Stored data
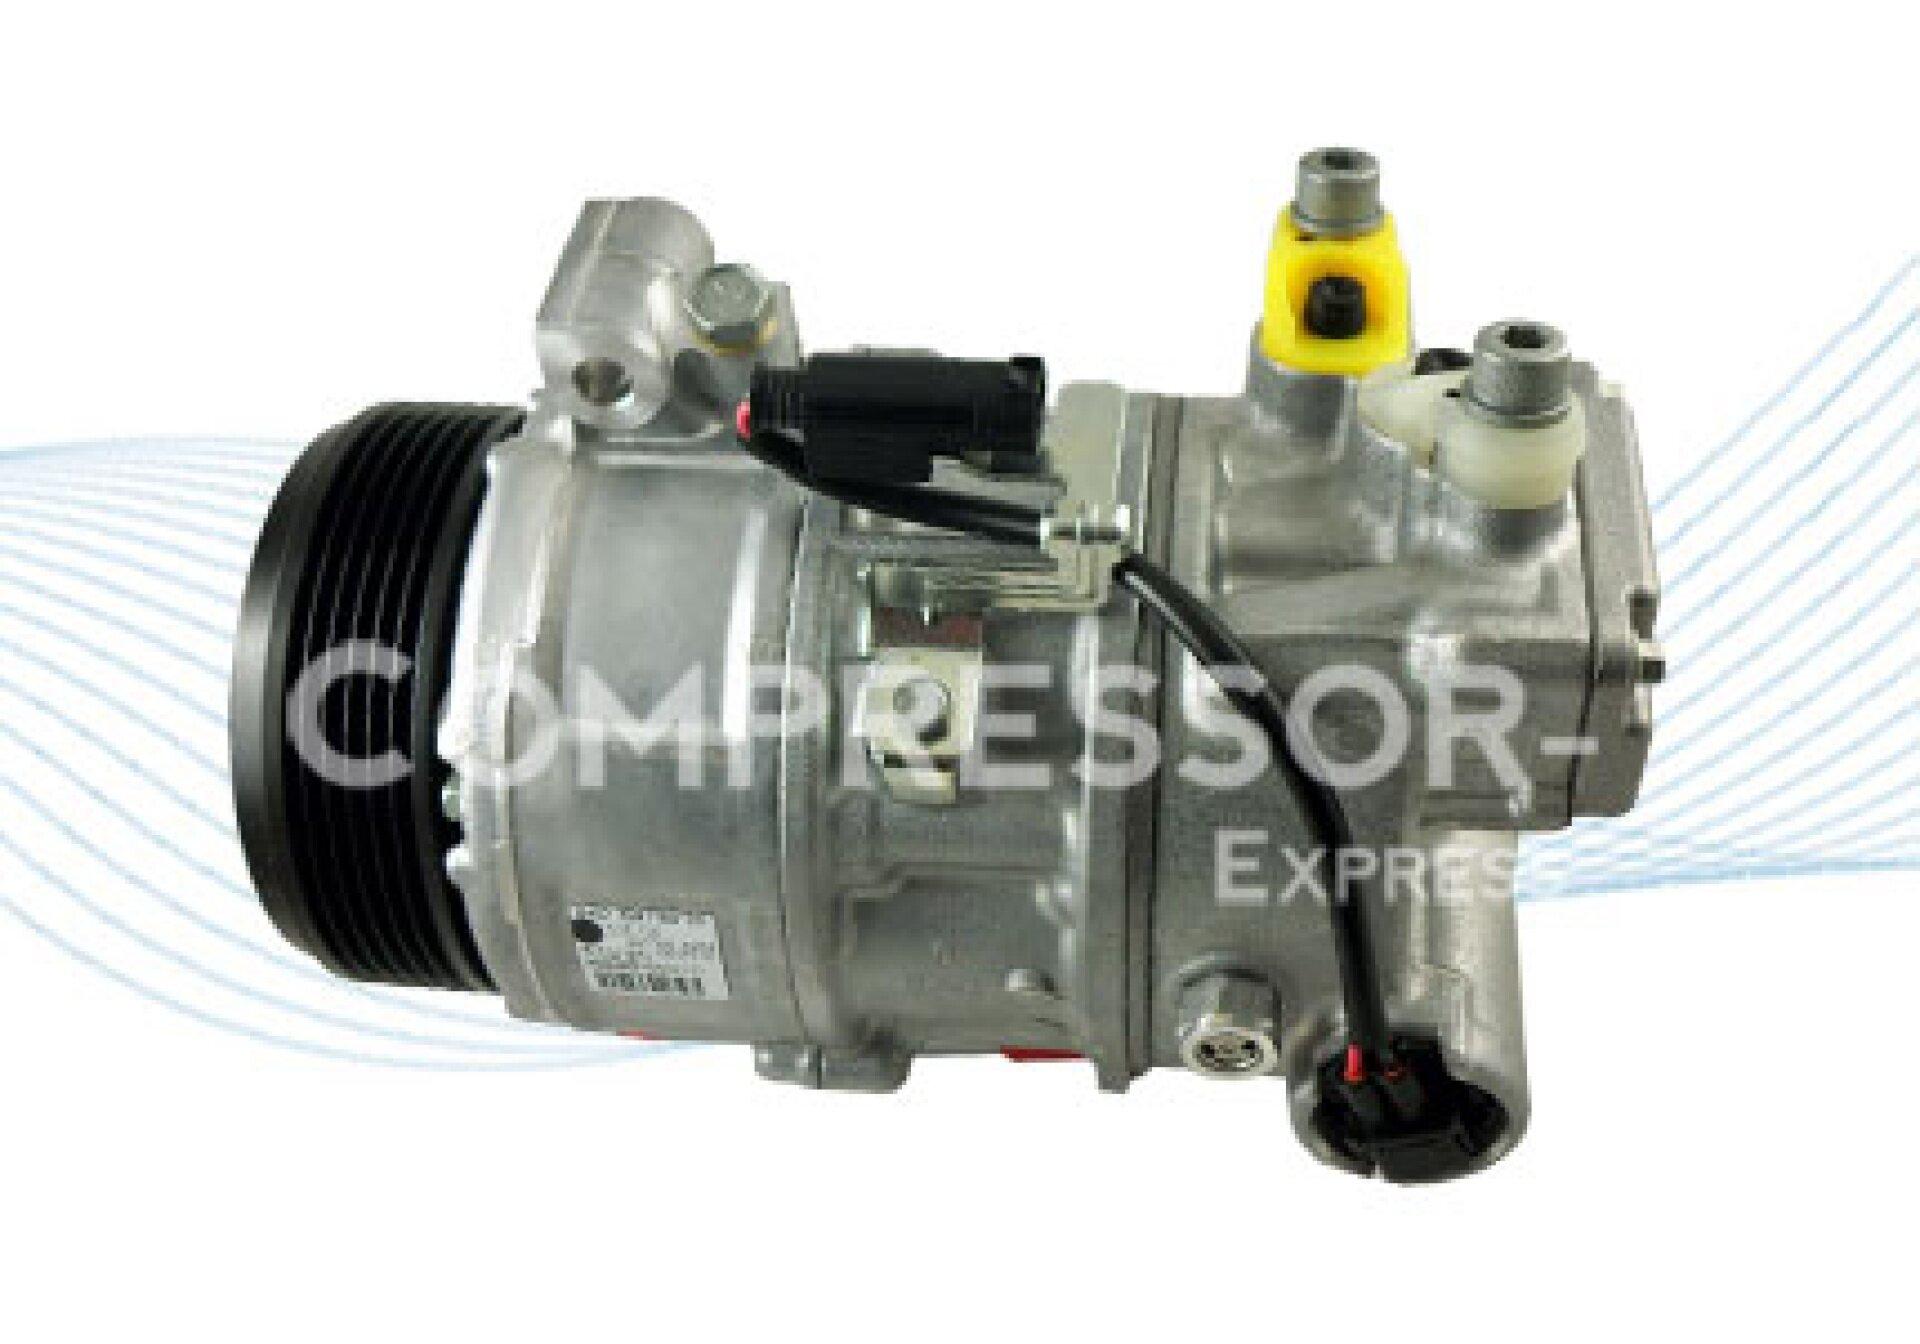 Denso 5se12c compresor de aire acondicionado 447180 9590 for Compresor de aire acondicionado
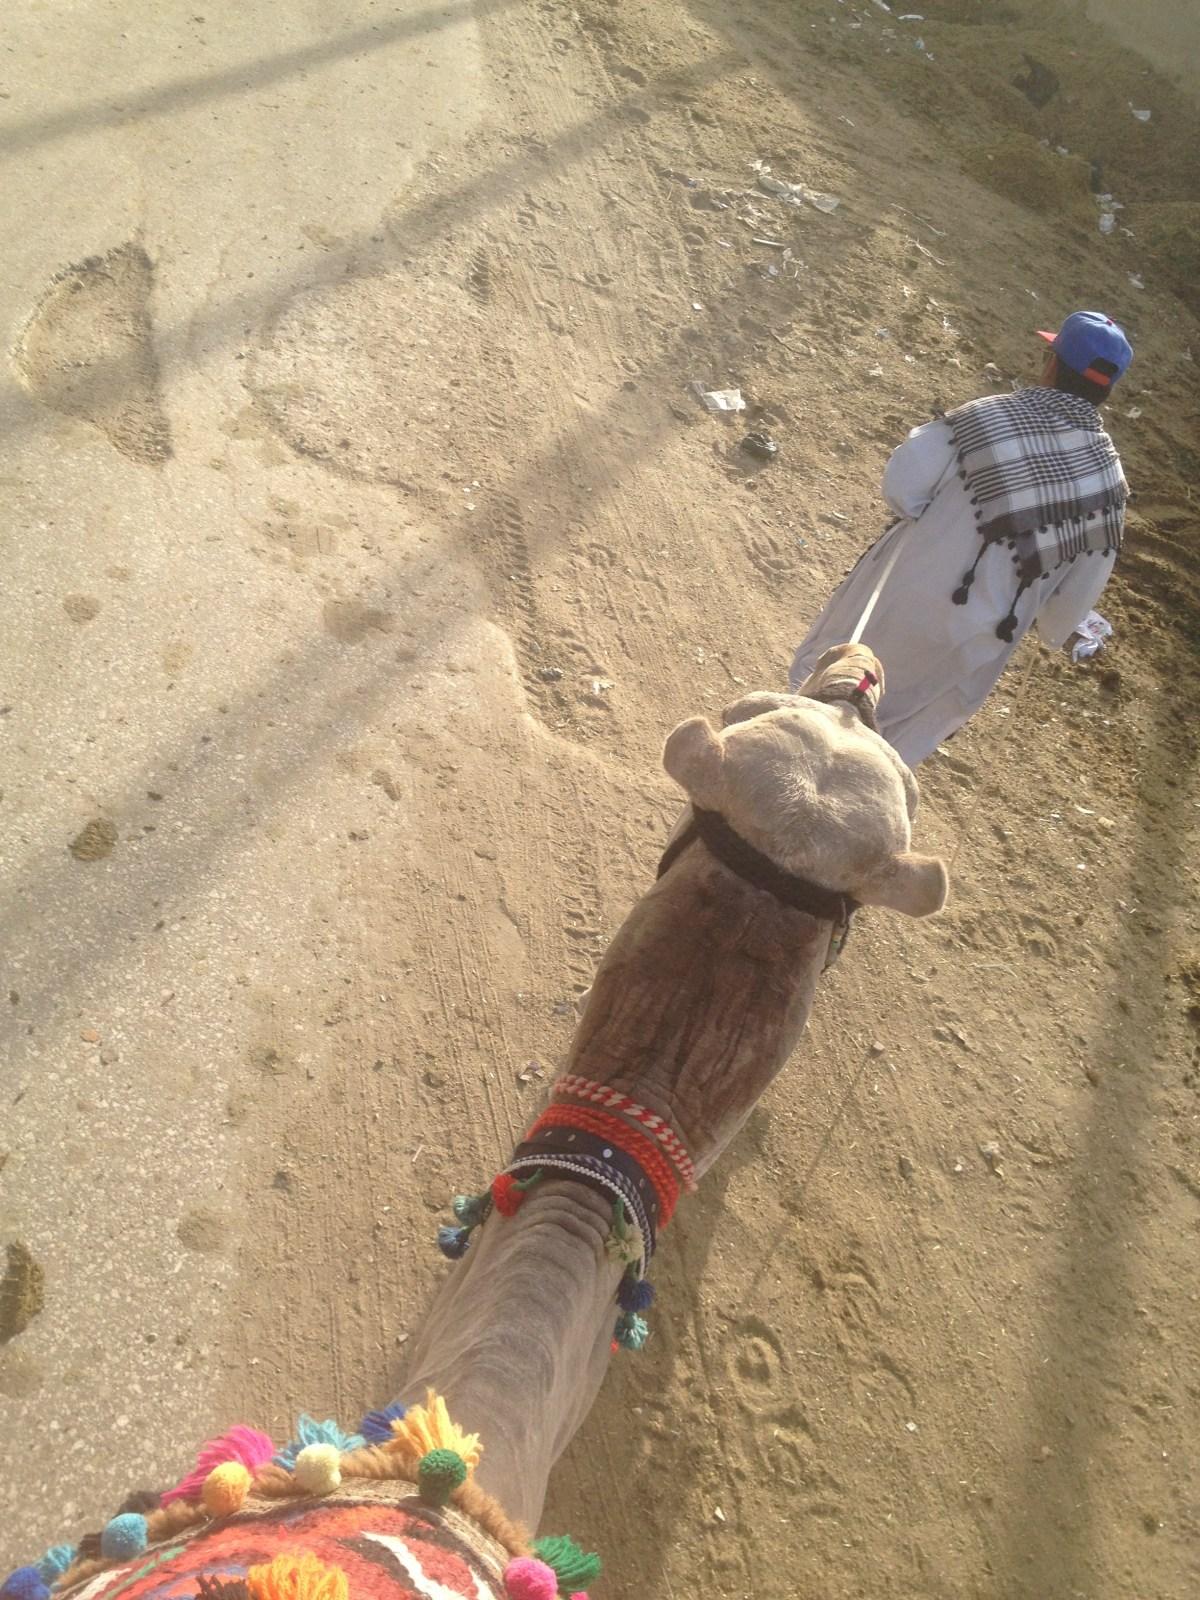 Egypt Tourism: Camel Ride to the Pyramids
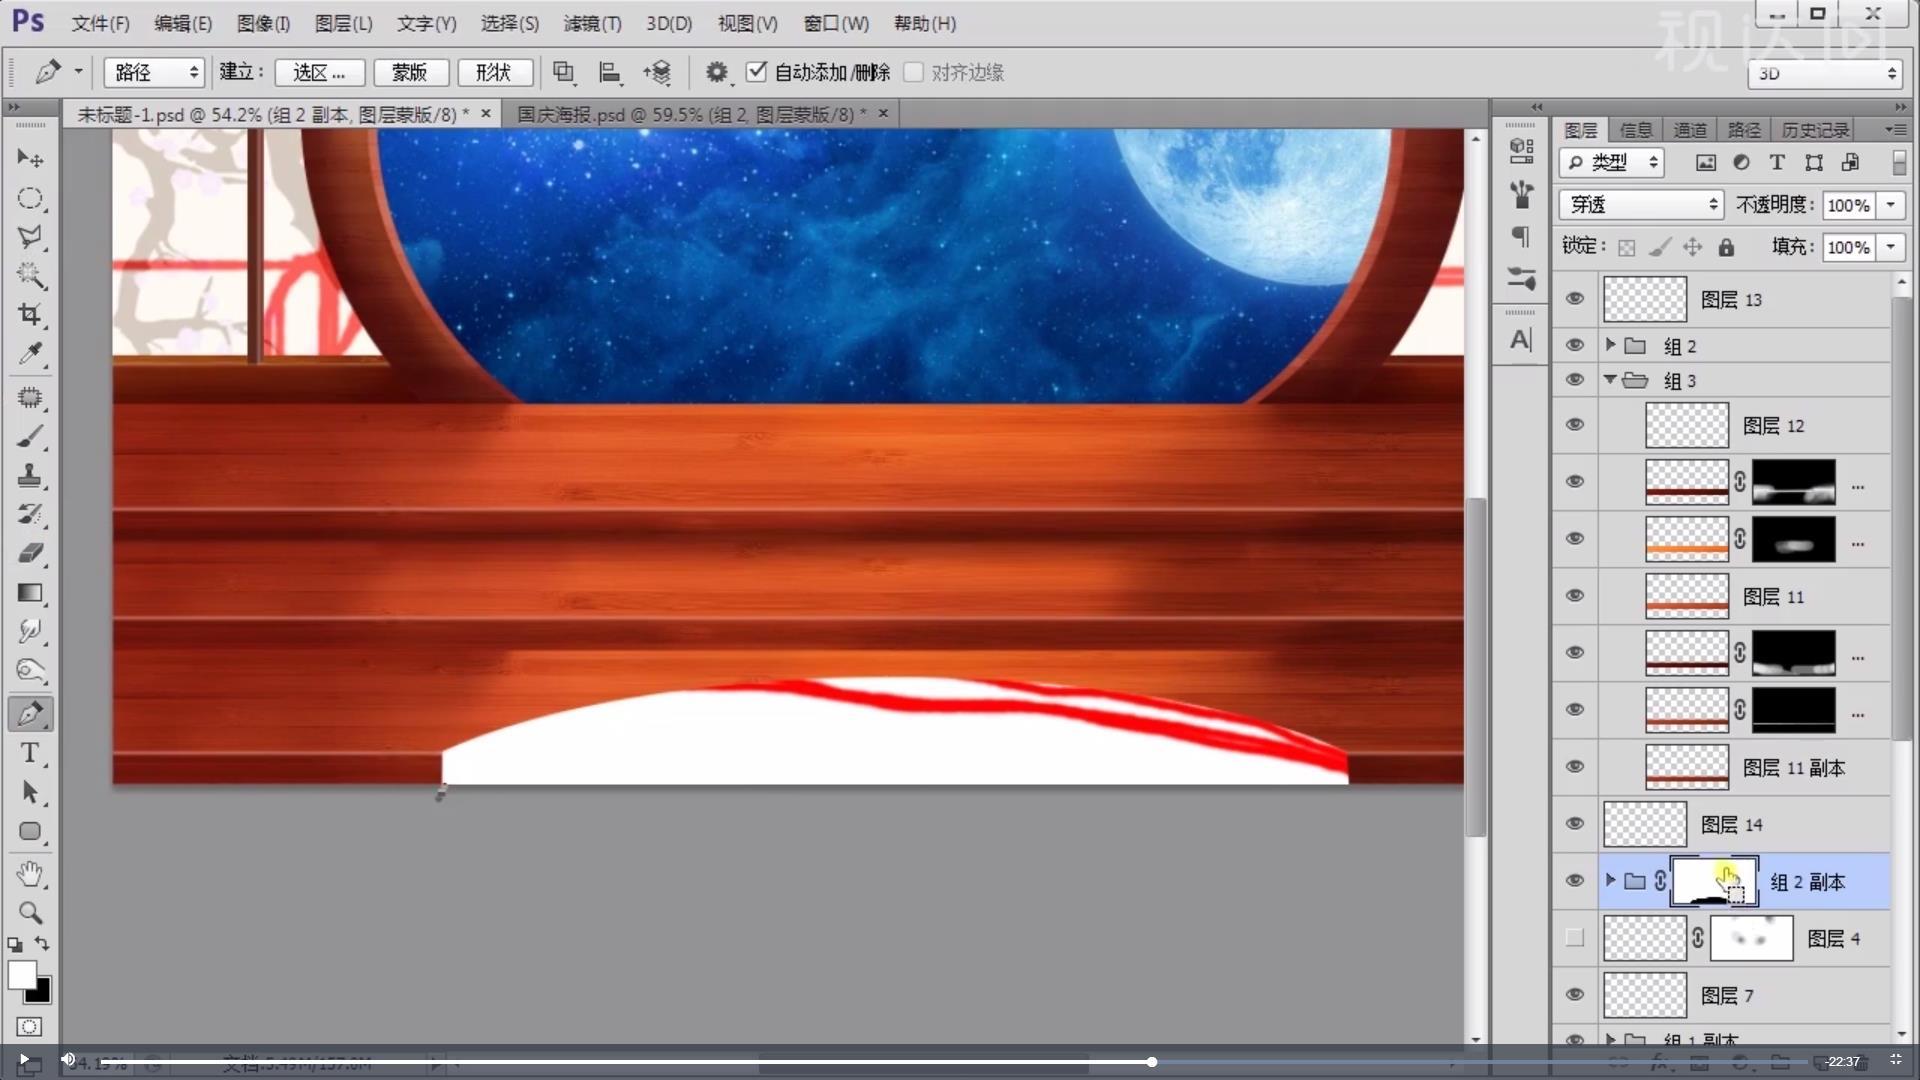 11.给最下层添加蒙版,用椭圆选区删除多余部分;载入图层选区,反向,向下移动,再次反向,填充颜色,把多余的部分删除;.jpg

Task details
Could you copy each line above exactly as written, minus any pictures?

Response for this exercise
 Denso 5se12c compresor de aire acondicionado 447180 9590 for Compresor de aire acondicionado
 Egypt Tourism: Camel Ride to the Pyramids
 11.给最下层添加蒙版,用椭圆选区删除多余部分;载入图层选区,反向,向下移动,再次反向,填充颜色,把多余的部分删除;.jpg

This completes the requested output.